Your task
Start at the line containing "Harley Davidson Motorcycles Skull Logo" and transcribe every line exactly through the end of the records below, and only those lines.

Stored entries
::::

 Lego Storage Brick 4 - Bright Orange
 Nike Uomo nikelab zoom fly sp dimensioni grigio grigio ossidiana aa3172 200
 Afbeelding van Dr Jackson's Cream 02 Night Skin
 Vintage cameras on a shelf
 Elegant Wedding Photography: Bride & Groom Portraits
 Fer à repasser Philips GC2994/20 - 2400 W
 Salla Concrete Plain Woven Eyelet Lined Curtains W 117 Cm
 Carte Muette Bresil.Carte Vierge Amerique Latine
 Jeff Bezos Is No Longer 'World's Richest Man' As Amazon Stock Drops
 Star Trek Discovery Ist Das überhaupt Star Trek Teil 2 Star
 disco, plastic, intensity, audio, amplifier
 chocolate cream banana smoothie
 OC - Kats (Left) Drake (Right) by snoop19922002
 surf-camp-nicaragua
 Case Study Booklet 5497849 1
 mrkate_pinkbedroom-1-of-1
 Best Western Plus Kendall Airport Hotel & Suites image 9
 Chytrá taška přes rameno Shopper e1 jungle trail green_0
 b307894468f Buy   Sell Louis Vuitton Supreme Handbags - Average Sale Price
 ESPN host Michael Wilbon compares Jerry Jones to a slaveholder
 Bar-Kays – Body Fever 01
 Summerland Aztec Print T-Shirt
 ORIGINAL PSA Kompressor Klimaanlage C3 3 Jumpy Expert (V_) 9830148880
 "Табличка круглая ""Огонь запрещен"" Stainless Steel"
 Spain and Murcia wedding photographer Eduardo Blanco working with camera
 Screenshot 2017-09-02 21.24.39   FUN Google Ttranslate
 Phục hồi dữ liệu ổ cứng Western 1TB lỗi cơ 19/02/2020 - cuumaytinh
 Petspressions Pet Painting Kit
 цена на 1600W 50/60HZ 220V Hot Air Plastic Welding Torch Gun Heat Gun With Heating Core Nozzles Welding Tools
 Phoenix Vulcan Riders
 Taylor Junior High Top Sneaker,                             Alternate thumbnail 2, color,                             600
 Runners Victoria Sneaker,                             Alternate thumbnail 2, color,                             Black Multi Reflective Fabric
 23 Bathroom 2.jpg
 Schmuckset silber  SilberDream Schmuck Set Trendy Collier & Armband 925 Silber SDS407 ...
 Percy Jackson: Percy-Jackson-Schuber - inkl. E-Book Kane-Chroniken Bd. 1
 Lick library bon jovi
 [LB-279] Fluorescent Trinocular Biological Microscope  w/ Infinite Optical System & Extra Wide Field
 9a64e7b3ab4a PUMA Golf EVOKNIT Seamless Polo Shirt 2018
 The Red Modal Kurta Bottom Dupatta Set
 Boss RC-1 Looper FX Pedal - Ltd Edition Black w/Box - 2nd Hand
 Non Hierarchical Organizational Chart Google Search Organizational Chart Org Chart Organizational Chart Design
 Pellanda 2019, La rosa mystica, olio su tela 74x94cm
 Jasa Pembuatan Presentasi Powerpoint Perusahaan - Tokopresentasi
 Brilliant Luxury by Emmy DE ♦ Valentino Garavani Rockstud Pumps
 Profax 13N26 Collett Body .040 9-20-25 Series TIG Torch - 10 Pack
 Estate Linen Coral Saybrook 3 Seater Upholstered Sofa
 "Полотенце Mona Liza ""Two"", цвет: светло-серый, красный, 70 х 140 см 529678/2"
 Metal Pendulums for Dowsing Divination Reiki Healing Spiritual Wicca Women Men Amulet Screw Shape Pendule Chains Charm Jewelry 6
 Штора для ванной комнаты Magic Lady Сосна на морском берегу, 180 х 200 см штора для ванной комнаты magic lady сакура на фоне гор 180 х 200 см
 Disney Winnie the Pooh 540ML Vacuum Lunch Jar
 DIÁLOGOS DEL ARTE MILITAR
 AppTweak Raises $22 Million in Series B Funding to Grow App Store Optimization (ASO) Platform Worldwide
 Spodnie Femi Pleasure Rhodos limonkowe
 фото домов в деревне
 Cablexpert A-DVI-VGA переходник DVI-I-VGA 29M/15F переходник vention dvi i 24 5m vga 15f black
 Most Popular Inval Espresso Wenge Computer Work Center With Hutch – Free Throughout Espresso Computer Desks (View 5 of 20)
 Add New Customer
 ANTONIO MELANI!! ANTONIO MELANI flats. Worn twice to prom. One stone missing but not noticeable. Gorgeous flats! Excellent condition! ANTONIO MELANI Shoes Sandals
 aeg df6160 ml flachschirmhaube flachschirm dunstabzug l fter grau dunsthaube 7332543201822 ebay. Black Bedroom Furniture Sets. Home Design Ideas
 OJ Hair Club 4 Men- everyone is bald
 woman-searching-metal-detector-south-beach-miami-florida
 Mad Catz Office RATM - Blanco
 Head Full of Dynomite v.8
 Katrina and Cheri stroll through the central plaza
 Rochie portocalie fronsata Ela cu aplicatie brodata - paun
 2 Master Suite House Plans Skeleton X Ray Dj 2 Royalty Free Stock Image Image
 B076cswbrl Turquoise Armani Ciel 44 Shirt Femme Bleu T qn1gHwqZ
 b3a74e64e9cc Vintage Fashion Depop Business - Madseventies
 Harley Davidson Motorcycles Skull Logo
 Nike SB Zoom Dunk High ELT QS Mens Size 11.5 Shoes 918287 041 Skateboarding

::::

Task solution
 Harley Davidson Motorcycles Skull Logo
 Nike SB Zoom Dunk High ELT QS Mens Size 11.5 Shoes 918287 041 Skateboarding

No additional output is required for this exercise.